""Production" is code for "playground"" on https://aligot-death.space, available at https://aligot-death.space/txt/production-is-playground-en


"Production" is code for "playground"

You don't need that, do you?

Read it aloud: play pause stop
2 min

One day we lost the connection to our production servers: after a few calls, we realised that the infrastructure team were using our servers as test beds because they were not informed that these servers were live. We later learned that the hardware was not compatible with the custom Red Hat image used, which prevented reboots (or else NFS mounts and some other configuration files would be deleted).

We knew about the no-reboot issue but not the actual reason: they were using our production servers to debug it because the CTO gave contradictory information to both of our teams.

We requested a restoration of the files to the backup team, because, you know, we needed them.
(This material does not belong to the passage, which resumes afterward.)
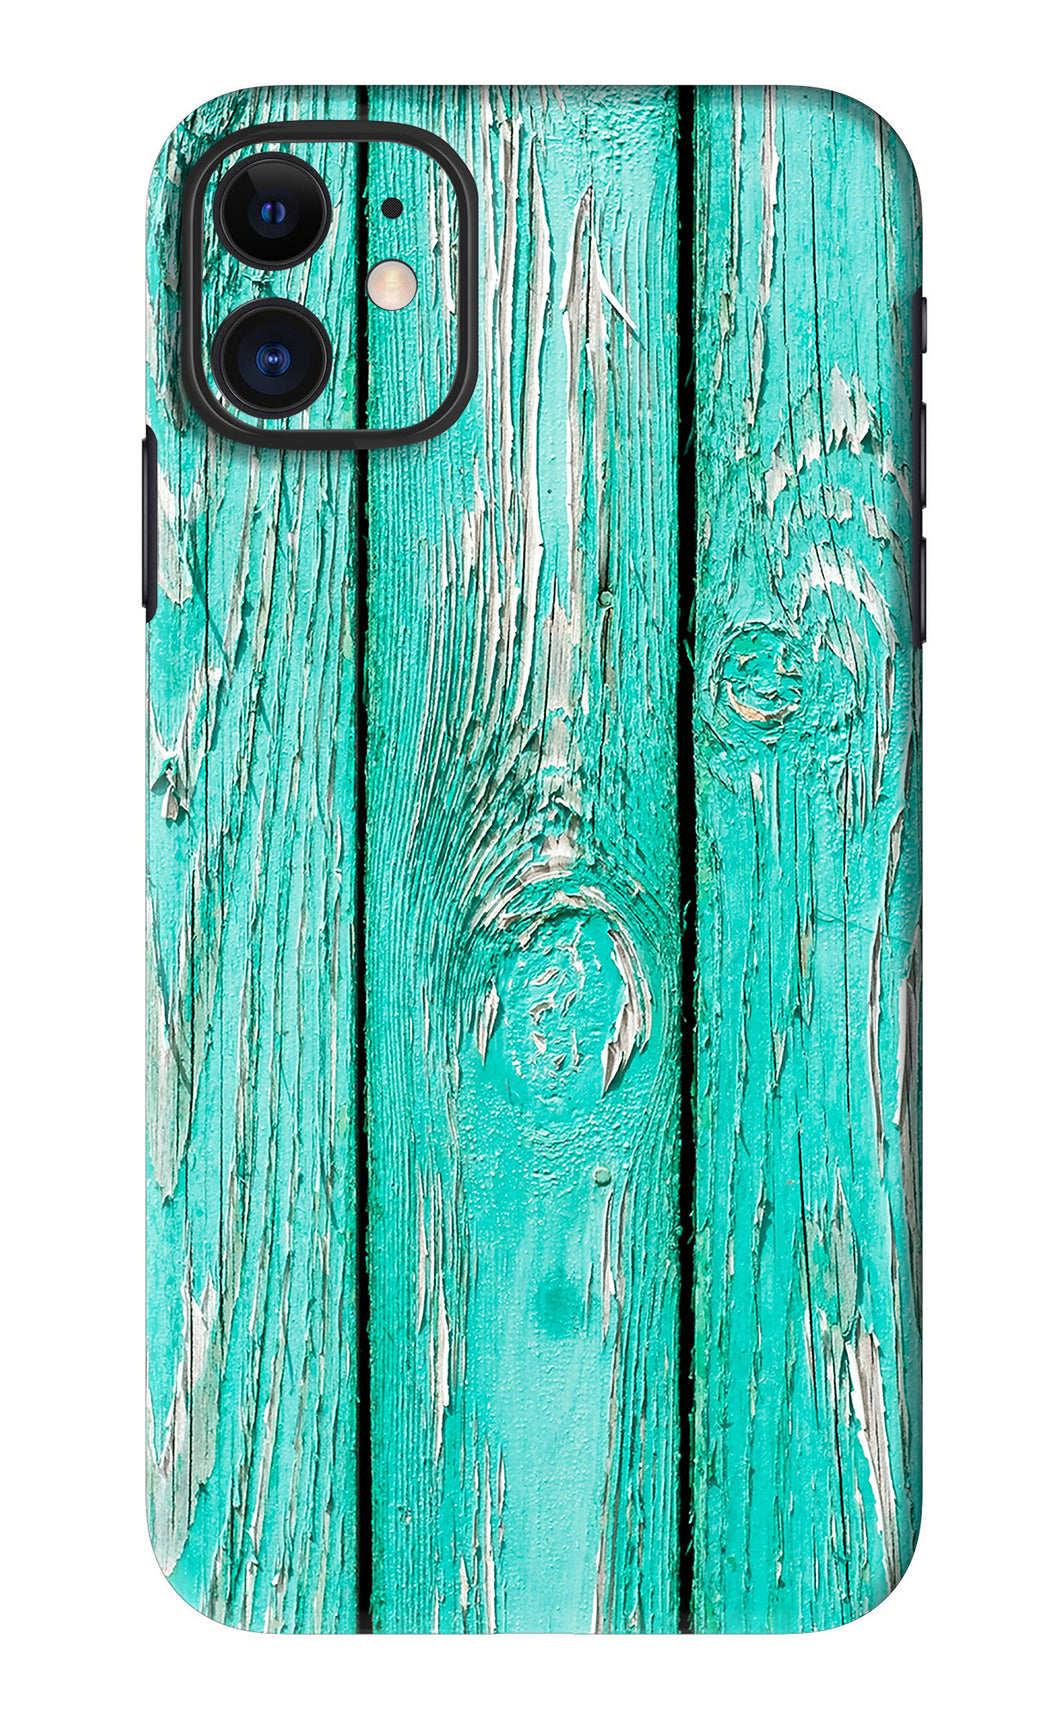 Blue Wood iPhone 11 Back Skin Wrap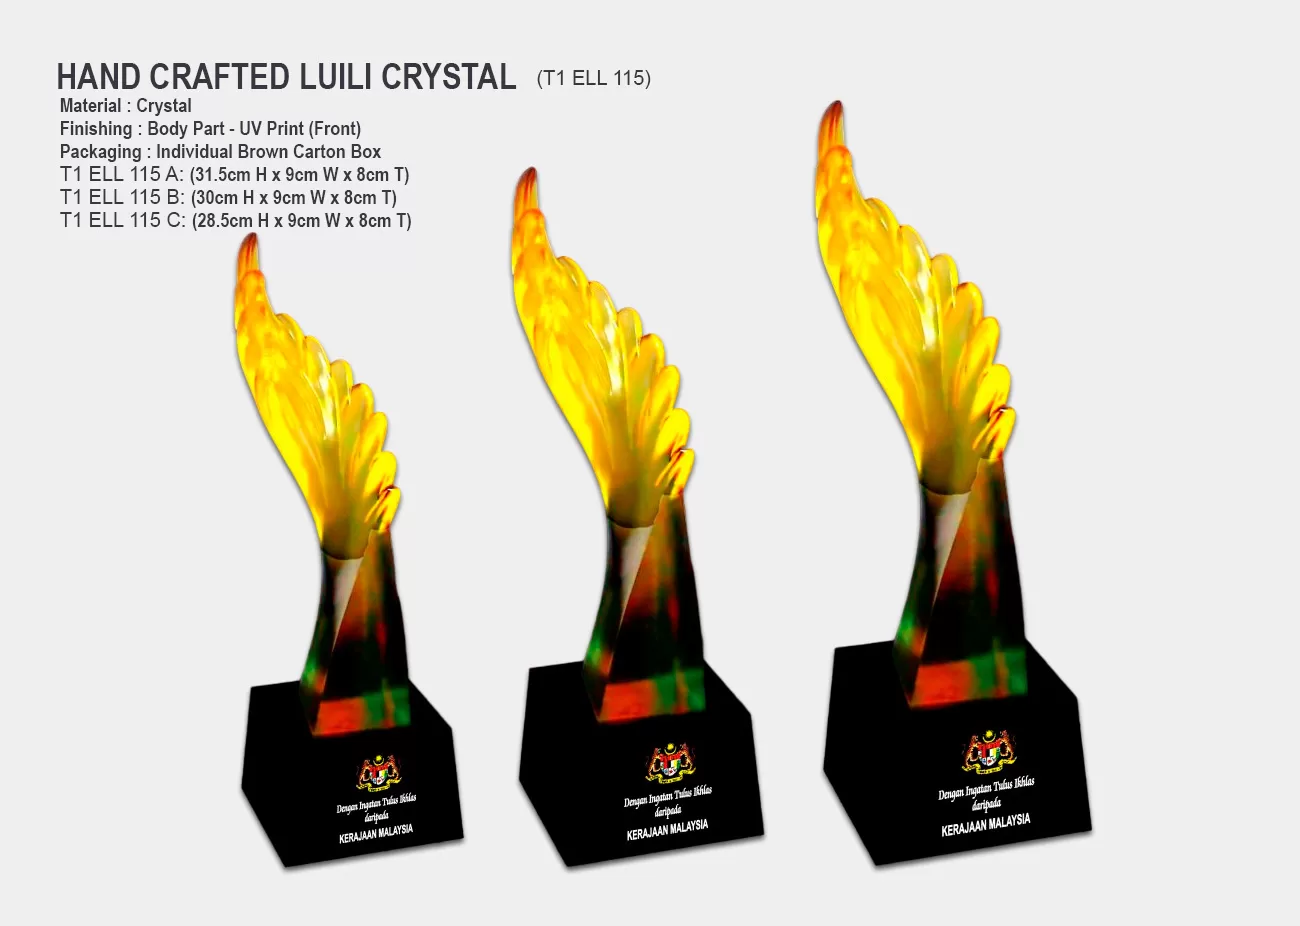 liuli crystal trophy

We got confirmation that it was done but the files were still missing. After investigation, they told us that when they were prompted by the backup software to overwrite the still present but empty directories, they simply hit "no" and closed the restoration ticket. Another attempt failed because they "let the workstation handling the operation go to sleep during the process".

But it didn't stopped here: we allowed the OS team to perform their tests on our perfomance test infrastructure. We got no news for a while, and when we contacted them they said that they were actually waiting for the machines to be shutdown but didn't asked for it.

We requested said shutdown to the infrastructure team. They then asked us permission for a full wipe of the machines, but we asked for a delay as we needed them again. The following week, they did it anyway. So we asked (again) the backup team to restore the servers: they failed to do so because in the mean time they had changed their infrastucture so the backups were not longer properly assigned. Long story short, they ended up having to wipe down their backup servers, and we lost our data. A few months later, we were having connectivity issues on production. As it turns out it was caused by the storage team: they were testing the new Kerberos version, because, you know, "you are the only team with this version of Red Hat".